El que primero llegara al periódico, era quien se ganaba la portada, así que todos corríamos para llegar y contarle la nota que traíamos. Él escuchaba atento, preguntaba, lanzaba alguna broma, y nos daba la cabeza, siempre ingeniosa.
Buscar la nota era la consigna, escudriñar la ciudad, salir a ver lo que ocurría en todas partes. Y así, fue naciendo el periodismo cultural al que dio un sello inconfundible.
“Oye chica, no escribas párrafos tan largos”, “Oigan, el periodismo no es una fábrica de tornillos”, decía mientras alzaba los brazos y movía el bigotillo. Así, entre consejos, sugerencias y bromas, Taibo hacía la sección que marcaría un rumbo.

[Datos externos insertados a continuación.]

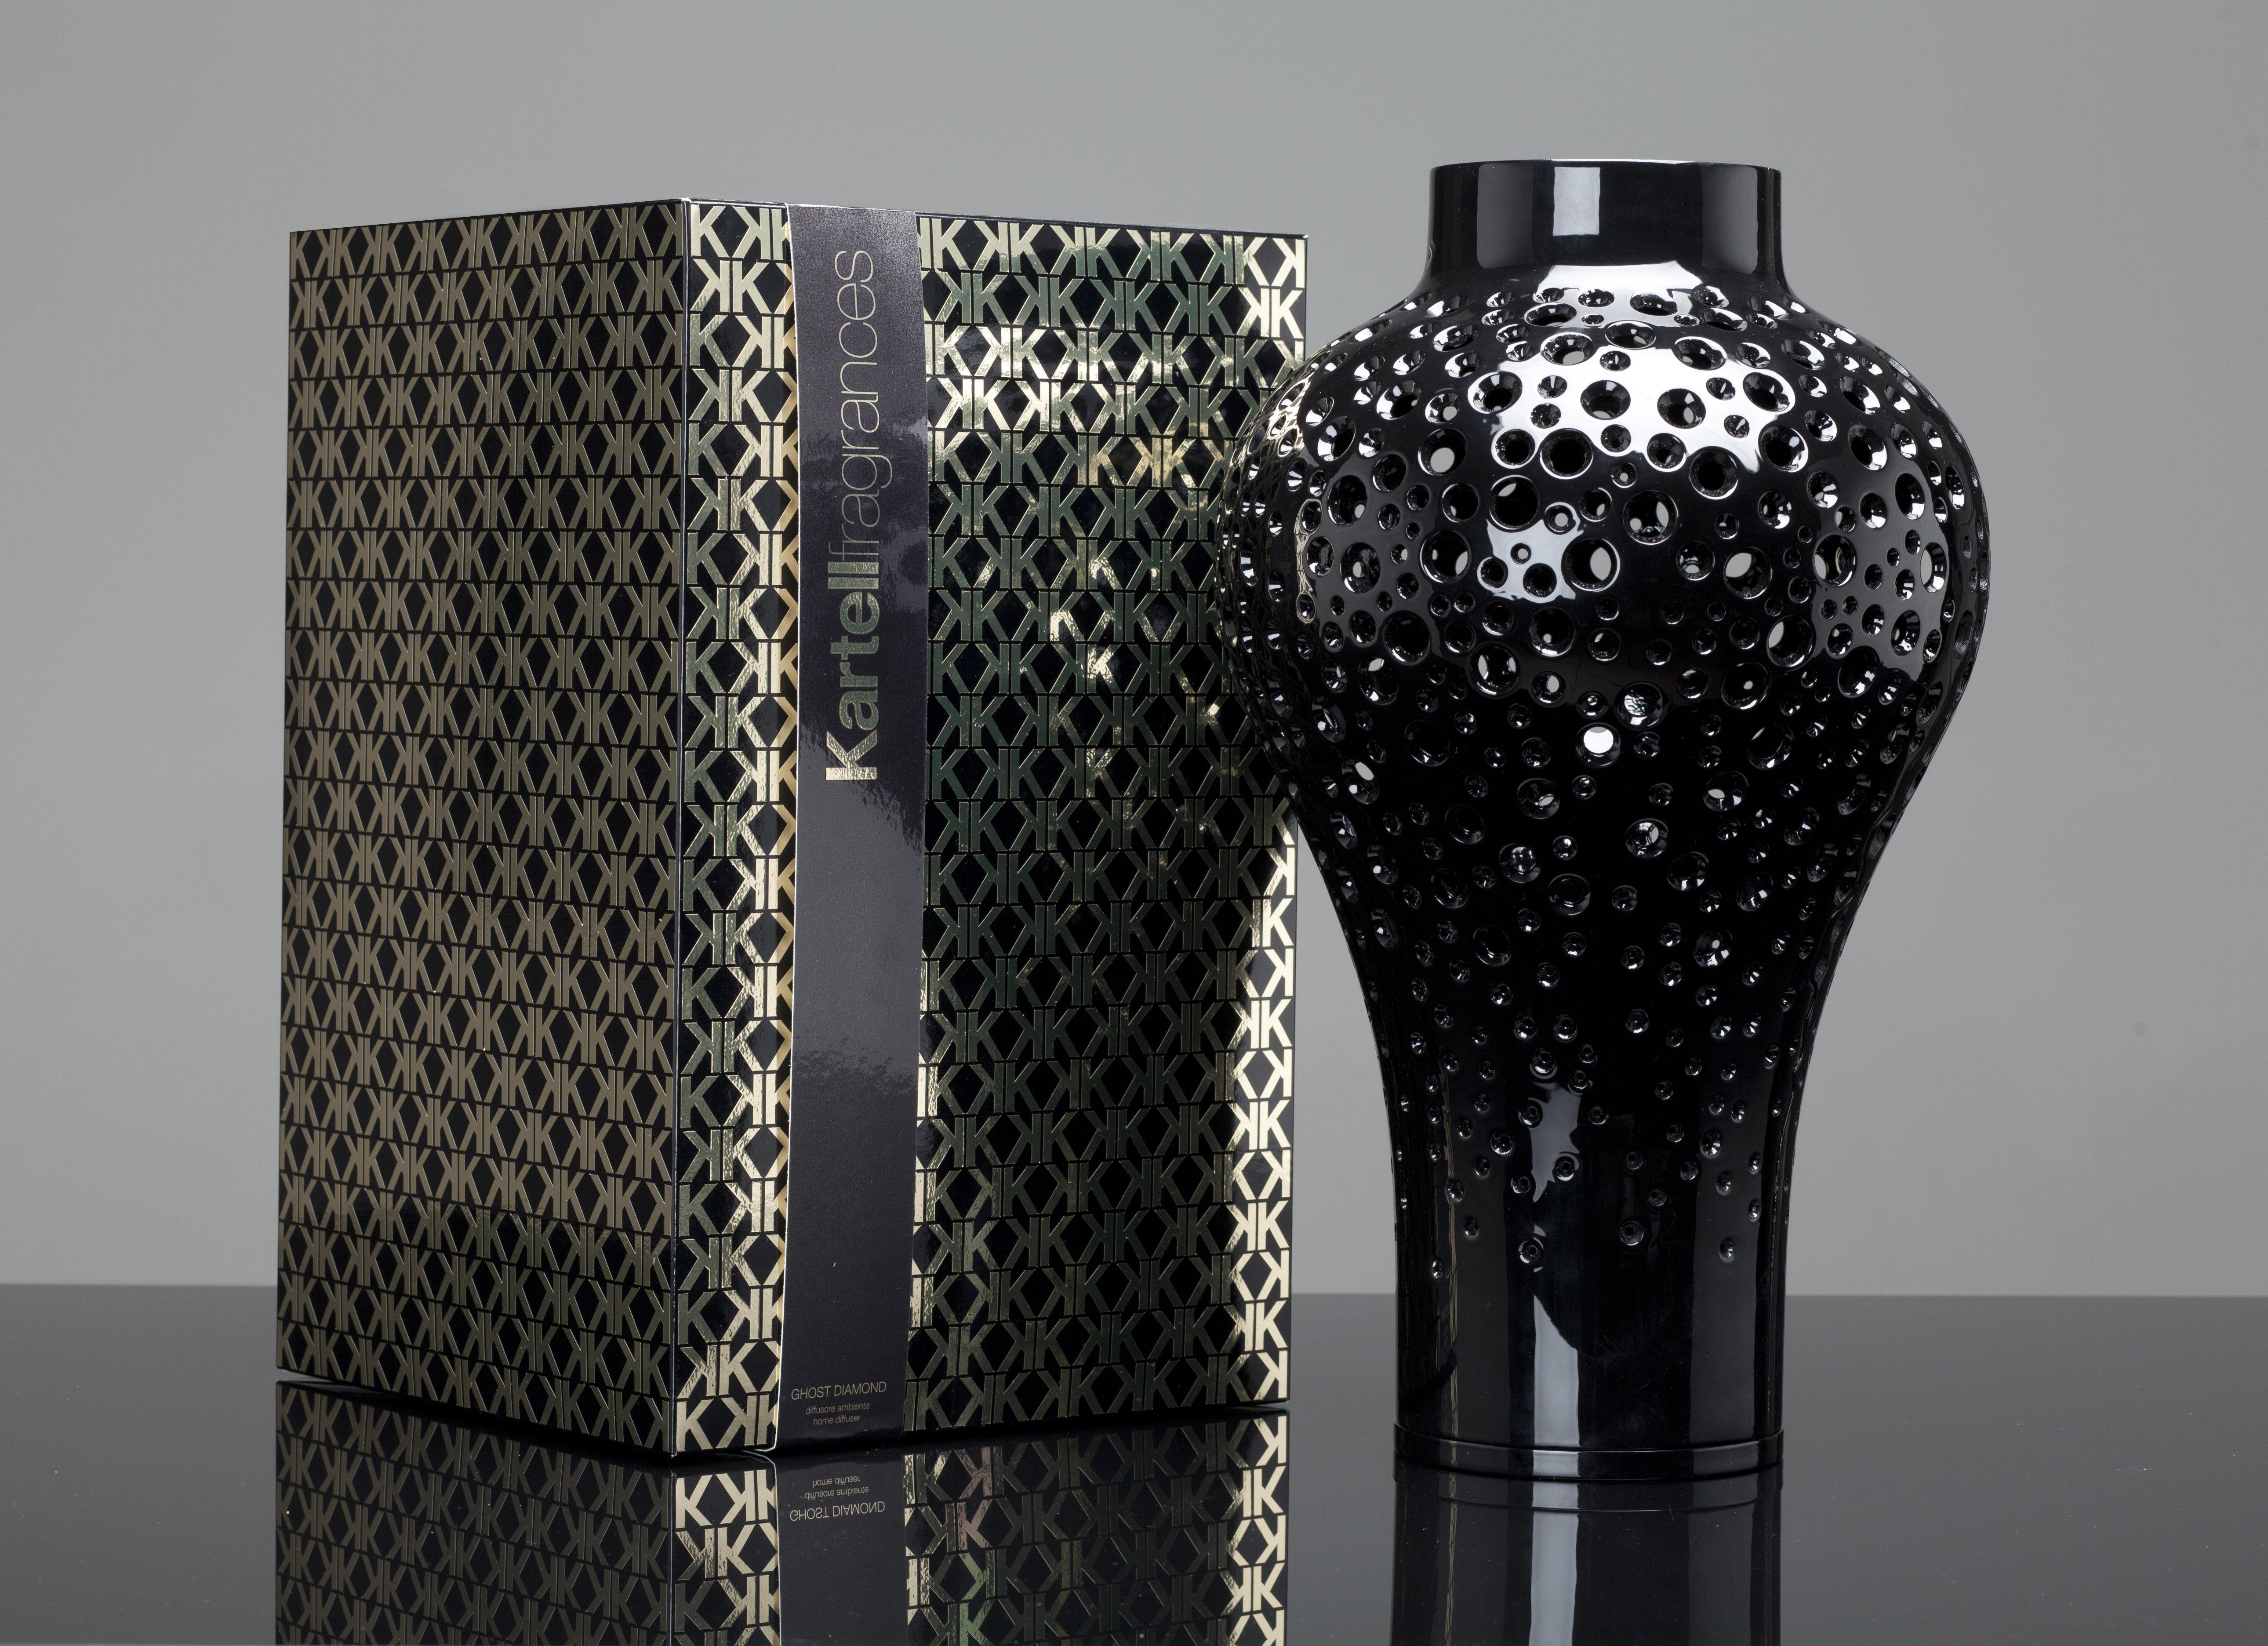 diffuseur de parfum ming kartell fragrances avec b tonnets noir senteur 39 noir 39 kartell. Black Bedroom Furniture Sets. Home Design Ideas

“Paco”, todos le decían, porque nunca quiso que le hablaran de usted, y su trato afable se extendía a todo aquél que lo visitaba. Los dibujantes eran sus preferidos, a todos abrió sus páginas para publicar sus trazos, aunque la agudeza del Gato Culto siempre fue festejada por muchos compañeros.
Las “Taiboleras” nos decía a quienes integrábamos su equipo, a quienes compartimos tantos días con él, a quienes nos dejó su vocación como herencia. (Patricia Velázquez)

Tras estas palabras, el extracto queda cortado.